Note that I had DNS issues, and it might be a bug.

Upvotes: 4

tonyslowdown
tonyslowdown

Reputation: 14687

What worked for me, based on the solution by svenwltr:

# Start minikube
minikube start

# Set docker env
eval $(minikube docker-env)             # Unix shells
minikube docker-env | Invoke-Expression # PowerShell

# Build image
docker build -t foo:0.0.1 .

# Run in Minikube
kubectl run hello-foo --image=foo:0.0.1 --image-pull-policy=Never

# Check that it's running
kubectl get pods

Upvotes: 320

Chamila Adhikarinayake
Chamila Adhikarinayake

Reputation: 3756

If anyone is looking to come back to the local environment after setting the Minikube environment, use the following command.

eval $(docker-machine env -u)

Upvotes: 9

Julien Nyambal
Julien Nyambal

Reputation: 674

To add to the previous answers, if you have a tarball image, you can simply load it to you local Docker set of images docker image load -i /path/image.tar. Please remember to run it after eval $(minikube docker-env), since Minikube does not share images with the locally-installed Docker engine.

Upvotes: 2

Chris Stryczynski
Chris Stryczynski

Reputation: 34081

One approach is to build the image locally and then do:

docker save imageNameGoesHere | pv | (eval $(minikube docker-env) && docker load)

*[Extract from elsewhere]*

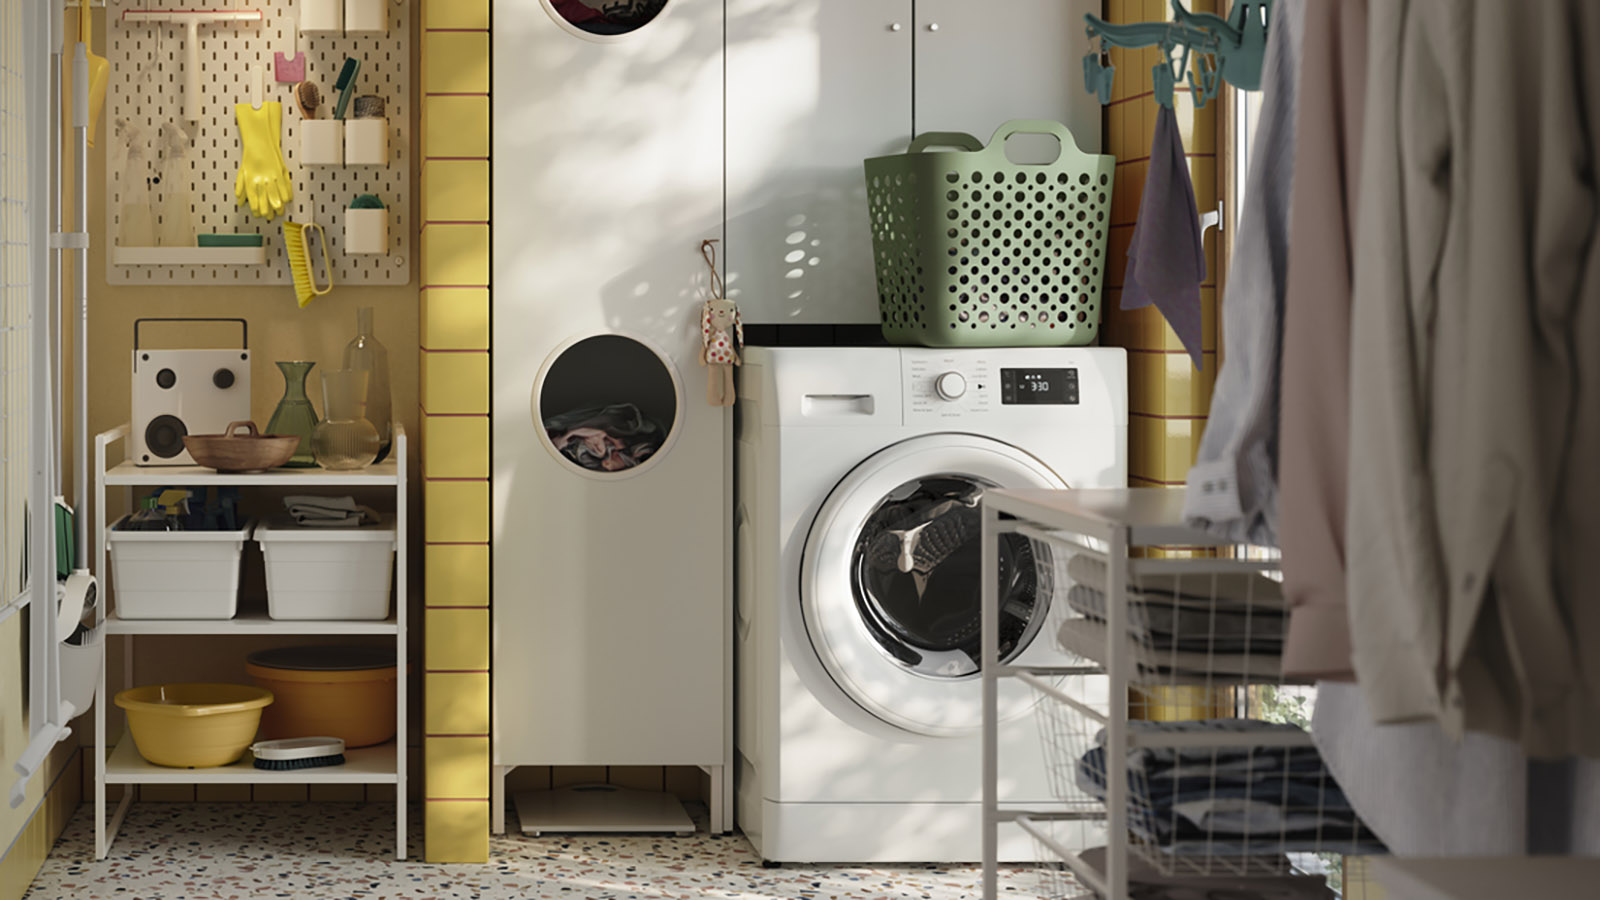 IKEA - A laundry room for multi-tasking, with a splash of colour

minikube docker-env might not return the correct info running under a different user / sudo. Instead you can run sudo -u yourUsername minikube docker-env.

It should return something like:

export DOCKER_TLS_VERIFY="1"
export DOCKER_HOST="tcp://192.168.99.100:2376"
export DOCKER_CERT_PATH="/home/chris/.minikube/certs"
export DOCKER_API_VERSION="1.23"
# Run this command to configure your shell:
# eval $(minikube docker-env)

Upvotes: 13

Jason
Jason

Reputation: 3179

From the Kubernetes documentation:

Updating images

The default pull policy is IfNotPresent which causes the Kubelet to skip pulling an image if it already exists. If you would like to always force a pull, you can do one of the following:

  • set the imagePullPolicy of the container to Always;
  • use :latest as the tag for the image to use;
  • enable the AlwaysPullImages admission controller.

Or read the other way: Using the :latest tag forces images to always be pulled. If you use the eval $(minikube docker-env) as mentioned in other answers, then either don't use any tag, or assign a tag to your local image you can avoid Kubernetes trying to forcibly pull it.